**What the task asks**: Return every line from the listing where the word "comparación" occurs.

**The input**:
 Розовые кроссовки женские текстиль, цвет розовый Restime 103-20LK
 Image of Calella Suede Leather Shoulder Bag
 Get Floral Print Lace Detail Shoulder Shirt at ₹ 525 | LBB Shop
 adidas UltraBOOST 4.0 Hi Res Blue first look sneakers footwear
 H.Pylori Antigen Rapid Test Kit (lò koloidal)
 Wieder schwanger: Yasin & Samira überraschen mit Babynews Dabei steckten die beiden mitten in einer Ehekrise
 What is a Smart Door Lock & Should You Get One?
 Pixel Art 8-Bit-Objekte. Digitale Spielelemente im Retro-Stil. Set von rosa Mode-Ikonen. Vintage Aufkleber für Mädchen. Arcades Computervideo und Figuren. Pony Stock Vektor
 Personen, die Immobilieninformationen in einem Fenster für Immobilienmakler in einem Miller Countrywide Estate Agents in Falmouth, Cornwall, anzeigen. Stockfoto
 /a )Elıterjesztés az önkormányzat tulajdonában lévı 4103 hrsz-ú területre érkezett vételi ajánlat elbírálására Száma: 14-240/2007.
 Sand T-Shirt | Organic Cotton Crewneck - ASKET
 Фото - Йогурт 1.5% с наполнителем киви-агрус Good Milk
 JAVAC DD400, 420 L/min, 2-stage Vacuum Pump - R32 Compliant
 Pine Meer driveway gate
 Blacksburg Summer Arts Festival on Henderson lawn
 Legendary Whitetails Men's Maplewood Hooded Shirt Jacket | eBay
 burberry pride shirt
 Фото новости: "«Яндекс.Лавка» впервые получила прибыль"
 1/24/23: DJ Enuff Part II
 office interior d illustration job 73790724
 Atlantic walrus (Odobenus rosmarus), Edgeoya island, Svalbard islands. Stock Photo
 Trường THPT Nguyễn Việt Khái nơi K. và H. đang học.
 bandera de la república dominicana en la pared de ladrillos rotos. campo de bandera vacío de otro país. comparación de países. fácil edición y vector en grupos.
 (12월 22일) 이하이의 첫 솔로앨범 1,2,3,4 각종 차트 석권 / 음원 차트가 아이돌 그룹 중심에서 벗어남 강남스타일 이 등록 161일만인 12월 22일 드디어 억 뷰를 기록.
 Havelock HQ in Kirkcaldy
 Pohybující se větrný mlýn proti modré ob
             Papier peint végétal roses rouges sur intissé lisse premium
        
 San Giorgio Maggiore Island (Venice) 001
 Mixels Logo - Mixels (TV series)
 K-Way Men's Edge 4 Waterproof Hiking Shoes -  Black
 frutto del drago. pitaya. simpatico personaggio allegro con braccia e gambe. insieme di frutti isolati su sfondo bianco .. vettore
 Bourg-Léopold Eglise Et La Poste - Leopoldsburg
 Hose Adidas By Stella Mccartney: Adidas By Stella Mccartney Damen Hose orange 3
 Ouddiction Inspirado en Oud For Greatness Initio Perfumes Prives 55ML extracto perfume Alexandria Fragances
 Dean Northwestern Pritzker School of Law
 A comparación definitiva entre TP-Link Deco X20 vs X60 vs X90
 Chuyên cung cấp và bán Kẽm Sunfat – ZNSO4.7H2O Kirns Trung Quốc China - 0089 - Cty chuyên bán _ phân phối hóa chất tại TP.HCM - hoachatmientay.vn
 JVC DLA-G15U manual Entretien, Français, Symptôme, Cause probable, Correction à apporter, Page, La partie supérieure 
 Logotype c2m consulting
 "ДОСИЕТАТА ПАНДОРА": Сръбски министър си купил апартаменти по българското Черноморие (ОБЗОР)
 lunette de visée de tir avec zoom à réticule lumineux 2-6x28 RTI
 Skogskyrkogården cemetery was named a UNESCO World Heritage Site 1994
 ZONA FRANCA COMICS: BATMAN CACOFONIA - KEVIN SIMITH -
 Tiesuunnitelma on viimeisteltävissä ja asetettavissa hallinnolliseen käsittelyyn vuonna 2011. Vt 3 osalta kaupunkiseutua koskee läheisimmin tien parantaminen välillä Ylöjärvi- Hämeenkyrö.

**Output of the exercise**:
 bandera de la república dominicana en la pared de ladrillos rotos. campo de bandera vacío de otro país. comparación de países. fácil edición y vector en grupos.
 A comparación definitiva entre TP-Link Deco X20 vs X60 vs X90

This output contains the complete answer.